Although the Mayor rarely provides the City Council much notice of upcoming agenda items, last week was especially egregious when we received the City’s 200-page Water System Plan just four days before the vote. Although other councilmembers have complained about the lack of time we have to review agenda items, the Mayor has brushed off those concerns, protesting that staff need more time to submit items for the agenda.
Agendas and Agenda Packets
I thought it valuable to ask our neighboring cities how far in advance their staff is able provide their councilmembers with council packets. Here’s a table with the answers. Unsurprisingly, no city listed gives as few days notice to councilmembers as Anacortes, and most give much more time.
|Days with |
||Friday at noon
||Friday by 4:30
||Thursday at noon
The number of workdays the Council has before the meeting is key, because staff aren’t available to answer questions on weekends. With Anacortes’s current system, Councilmembers who work Monday through Friday have essentially no time to get questions answered: if you read your packet Friday night or over the weekend, and email a question over the weekend, you can’t get an answer before Monday…leaving very little to time actually read the response between getting off work and the council meeting time.

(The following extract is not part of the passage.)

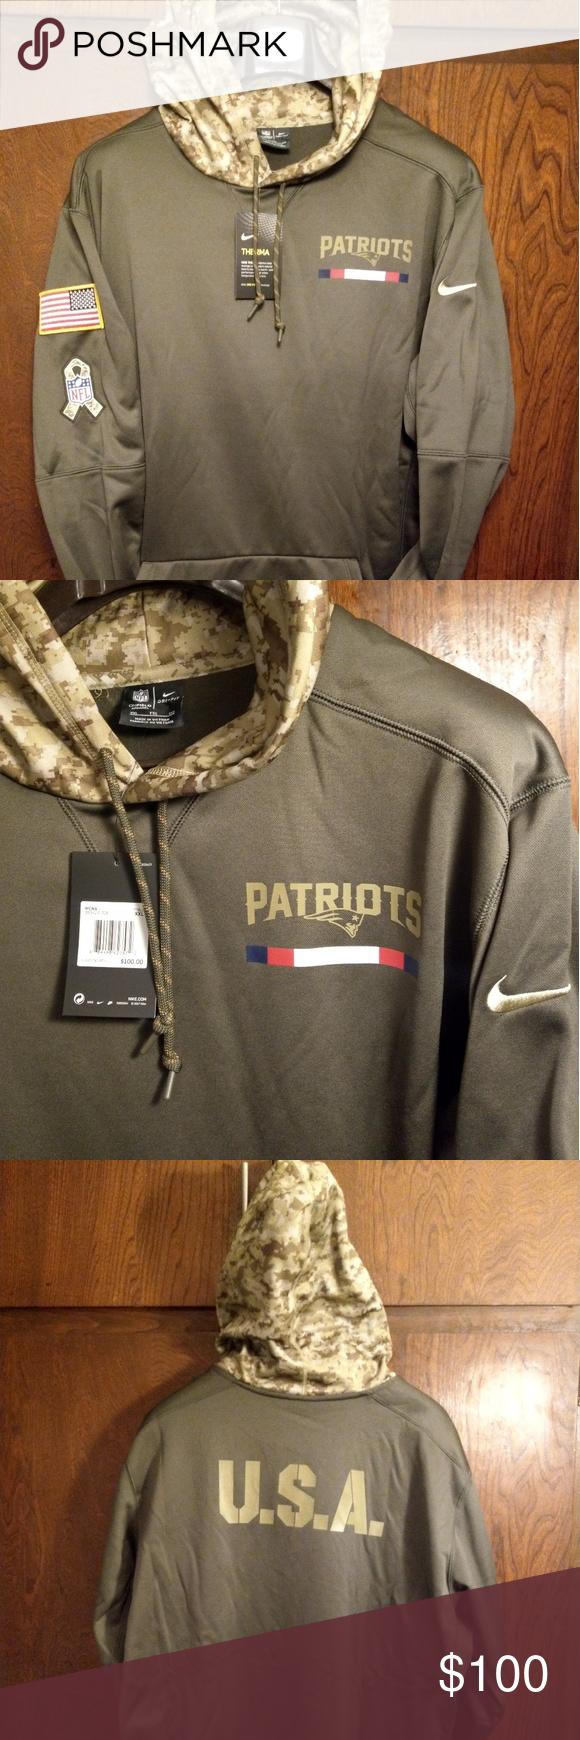 Nike New England Patriots 2017 Salute to Service Nike New England Patriots  2017 Salute to Service Hoodie 853423 325 XXL NWT Nike Shirts Sweatshirts    ... 06f00c15c

Most of these other cities also provide much more detail on their agendas and in the packets. For example, most of the cities list whether the Mayor is requesting action (approval, discussion, or public hearing) on the agenda item. Some also list the dates, times, and locations of upcoming council committee meetings and public hearings. Oak Harbor even includes in their council packets a list of pending agenda items for future meetings—another thing that our councilmembers have requested, and we know the Mayor has, but he has refused to provide.
The Case of the Garbage Truck
It’s also useful to compare the content of those packets. For example, at our January 17, 2012, meeting, the City Council approved the purchase of a garbage truck. The packet the Mayor provided the Council included this memo and this 2007 generic purchasing agreement. Notably, the packet didn’t contain the description of the truck, or even the price of the truck. Not until the day of the meeting—only because I asked—did I learn the price was $320,000.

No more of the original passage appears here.